The data dictionary provides technical information. Some of the information in the data dictionary can include the location of data, relationships between tables, values, and usage of data. One benefit of the data dictionary is that it promotes consistency and transparency concerning data.
Returning to our student ID number example, a data dictionary would share where the student ID number is stored and the characteristics of this column such as the ID number being 7 digits. For a categorical variable, the data dictionary may explain what values are contained within the variable such as male and female for gender.
A data catalog is a tool for metadata management. It provides an organized inventory of data within the organization. Benefits of a data catalog include improving efficiency and transparency, quick locating of data, collaboration, and data sharing.
An example of a data catalog would be a document that contains the metadata about several different data warehouses or sources within an organization. If a data analyst is trying to figure out where data on student ID numbers are stored they may start with the data catalog to determine where this data is. The data dictionary will explain the characteristics of the student ID column. Sometimes the data dictionary and catalog can be one document if tracking the data in an organization is not too complicated. The point is that the distinction between these solutions is not obvious and is really up to the organization.
Automated Data Lineage
Data lineage describes how data moves within an organization from production to transformation and finally to loading.
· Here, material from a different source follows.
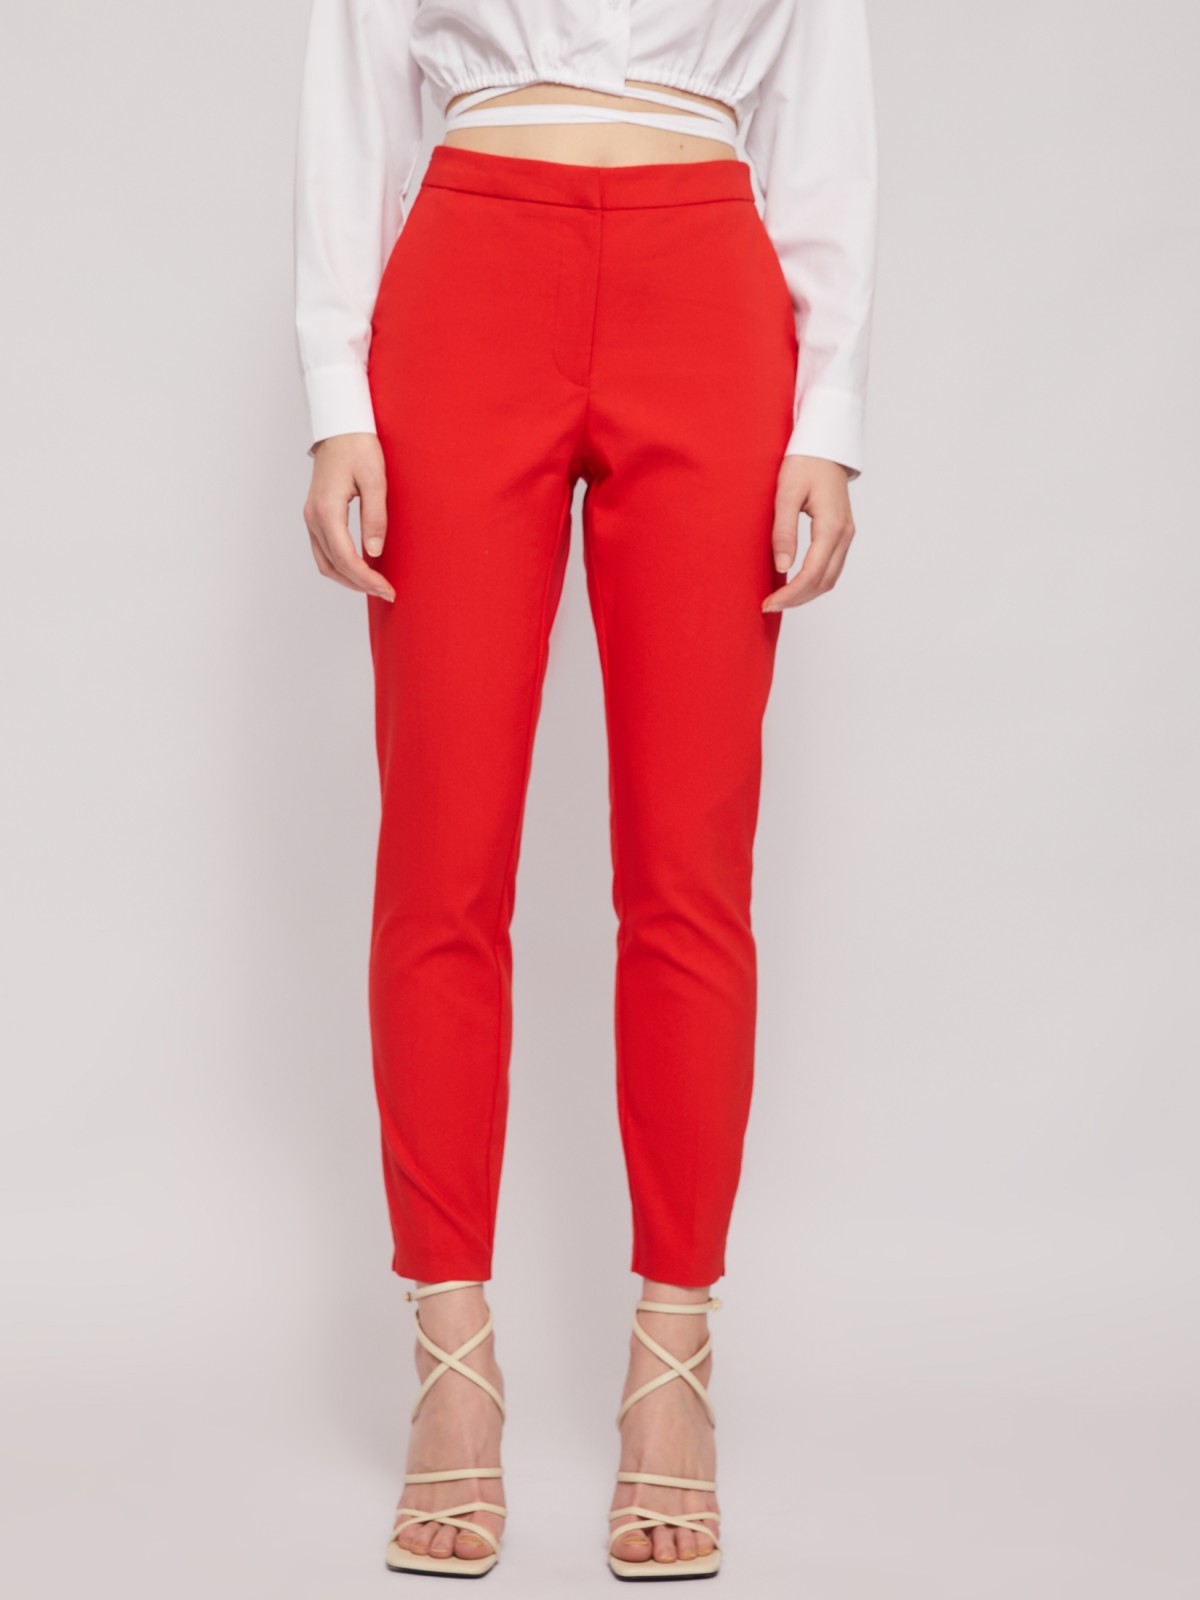 Офисные брюки силуэта Slim на резинке со стрелками zolla 024227370012, цвет красный, размер M

Tracking this process is really complicated and time-consuming and many organizations have turned to software to complete this.
The primary benefit of tracking data lineage is increasing the trust and accuracy of the data. If there are any problems in the pipeline, data lineage can help to determine where the errors are creeping into the pipeline.
Data Protection, Privacy, QUailty
Data protection is about securing the data so that it is not tampered with in an unauthorized manner. An example of data protection would be implementing access capabilities such as user roles and passwords.
Data privacy is related to protection and involves making sure that information is restricted to authorized personnel. Thus, this also requires the use of logins and passwords. In addition, classifying the privacy level of data can also help in protecting it. For example, salaries are generally highly confidential while employee work phone numbers are probably not.
Data quality involves checking the health of the accuracy and consistency of the data. Tools for completing this task can include creating KPIs and metrics to measure data quality, developing policies and standards that defined what is good data quality as determined by the organization, and developing reports that share the current quality of data.
The purpose of data governance is to support an organization in maintaining data that is an asset to the organization. In order for data to be an asset it must be maintained so that the insights and decisions that are made from the data are as accurate and clear as possible. The tools described in this post provide some of the ways in which data can be protected within an organization.